VL2Spike: Spike-driven Distillation from VLMs for Low-Power Visual Perception in Embodied AI

Spiking neural networks (SNNs) are brain-inspired, event-driven models that compute with sparse spikes, which enables highly efficient visual perception in resource-constrained embodied AI models. The emergence of Spiking-Transformer models with spike self-attention has substantially improved the learning capacity of pure SNNs. Although SNNs are energy efficient, their performance is still limited by the spike-based architecture and optimization challenges, as standard gradient descent rules cannot be directly applied. Recently, vision-language models (VLMs) have shown rich multi-modal knowledge representation capabilities for visual perception. Thus, it is promising to leverage VLMs for better Spikformer training. To this end, we present VL2Spike, a novel spike-based knowledge distillation (KD) framework that bridges multi-modal knowledge from VLMs with compact Spikformer models.

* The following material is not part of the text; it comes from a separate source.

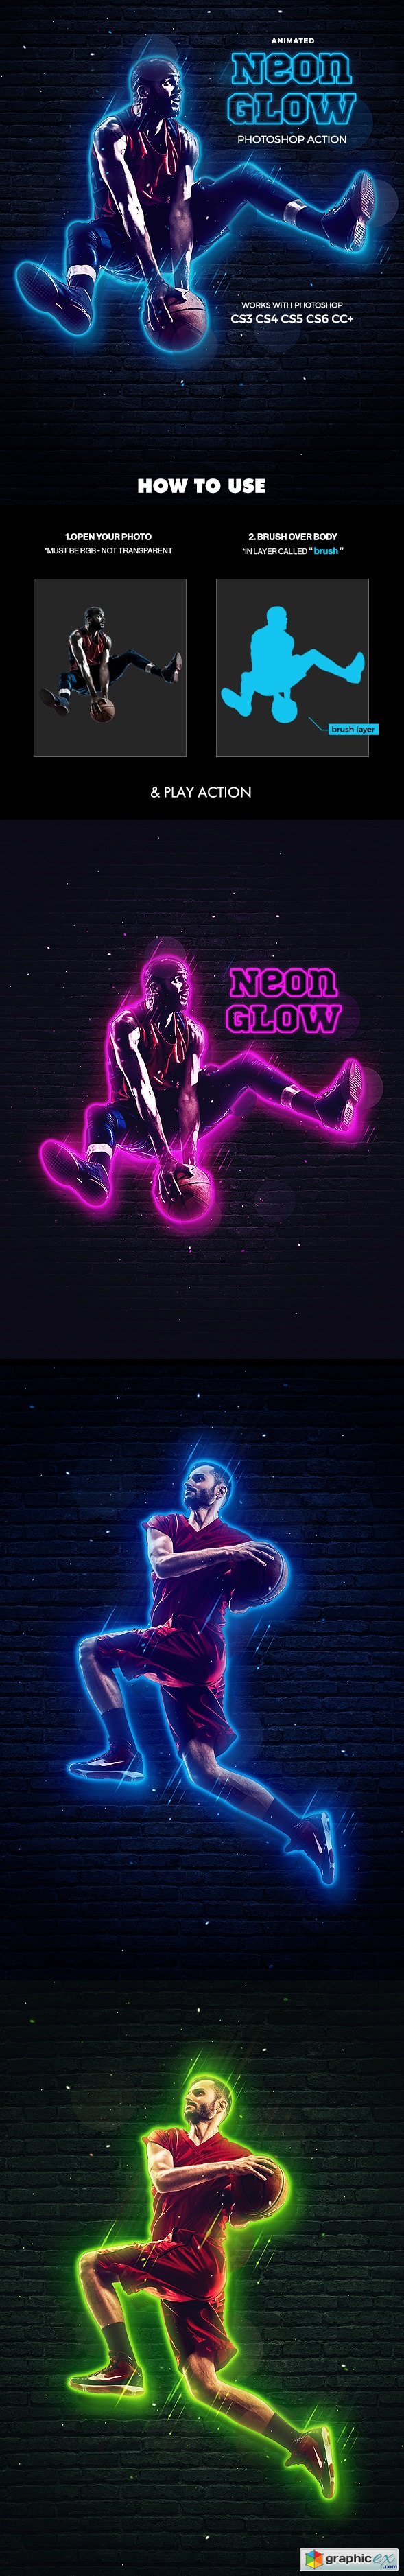 Neon Glow Photoshop Action - Animated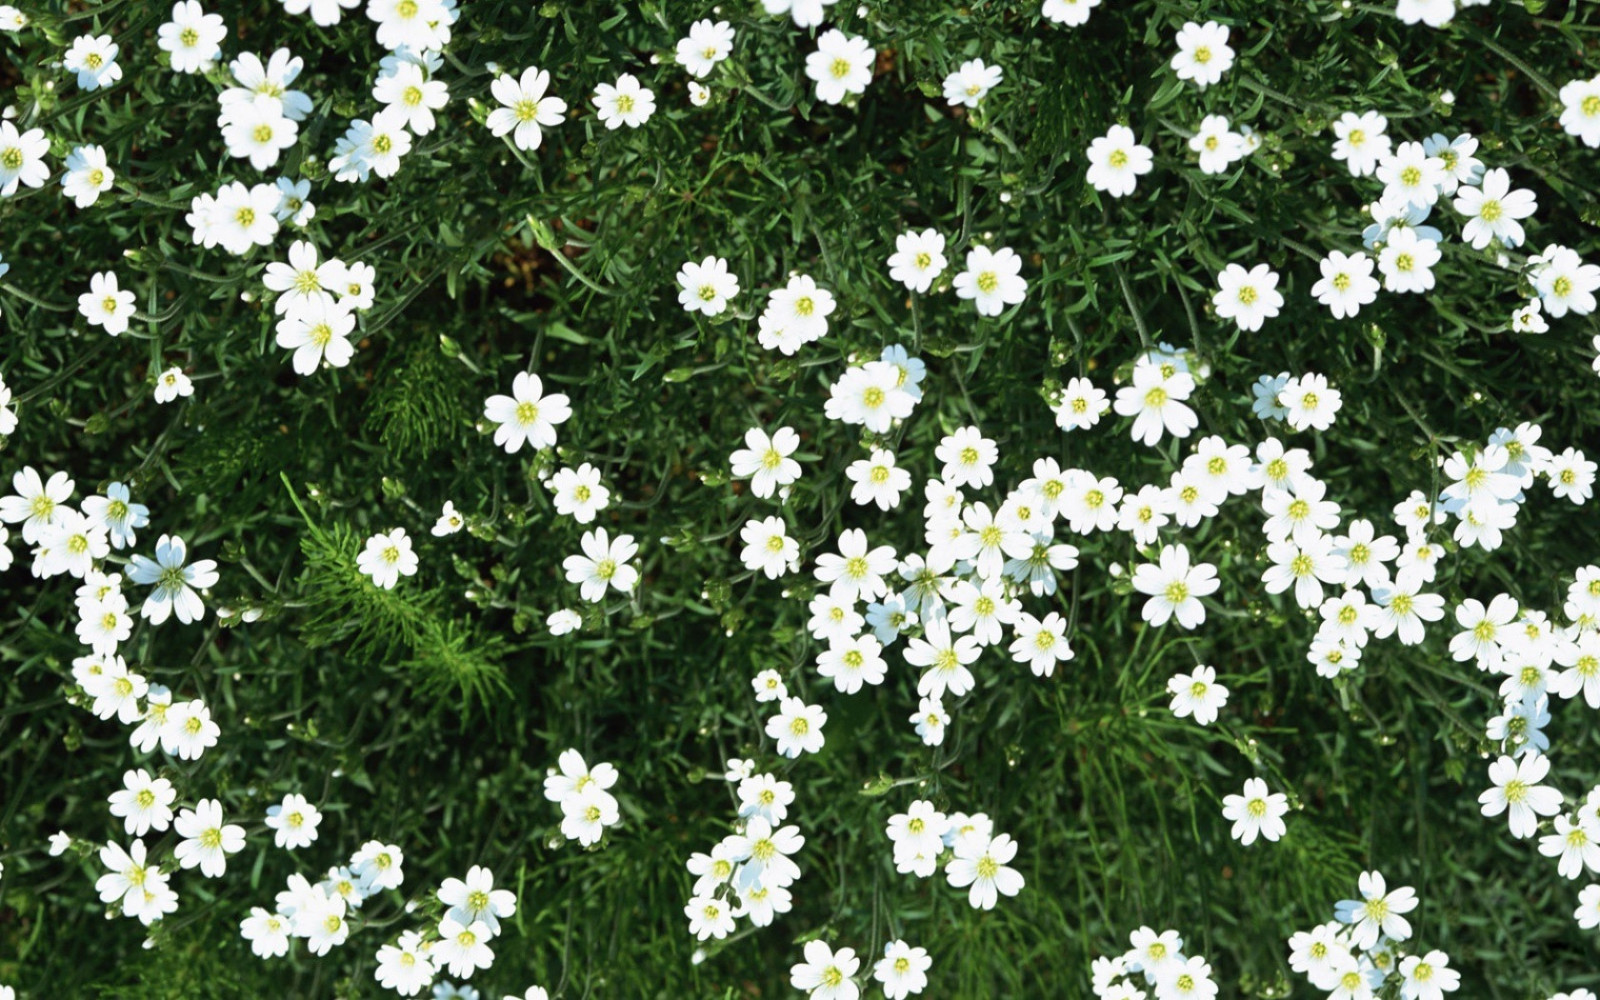 Название цветов мелкие белого цвета. Мелкие беленькие цветочки. Растение с маленькими белыми цветочками. Мелкие белые цветы. Маленькие беленькие цветочки.

This design enhances the learning capacity of Spikformer models while preserving their energy-efficiency merits, thereby offering a practical pathway toward low-power robotic perception. Our VL2Spike brings two key technical contributions. To align with spiking dynamics, we first propose spatial-temporal visual spike (SVS) distillation, which achieves (1) shared manifold alignment between VLM image features and spike tokens, and (2) warm-started temporal consistency on membrane potentials and spike rates. We then design a novel spike prototype-guided linguistic (SPL) distillation strategy that aligns Spikformer's class prototypes and logits with promptable VLM text embeddings. Extensive experiments show that VL2Spike achieves 6.81% gain across three static datasets with only 15.7% energy consumption. It also exhibits strong generalization capacity on robotic visual place recognition (VPR) with a gain of 6.63%, highlighting its potential for low-power perception in embodied AI.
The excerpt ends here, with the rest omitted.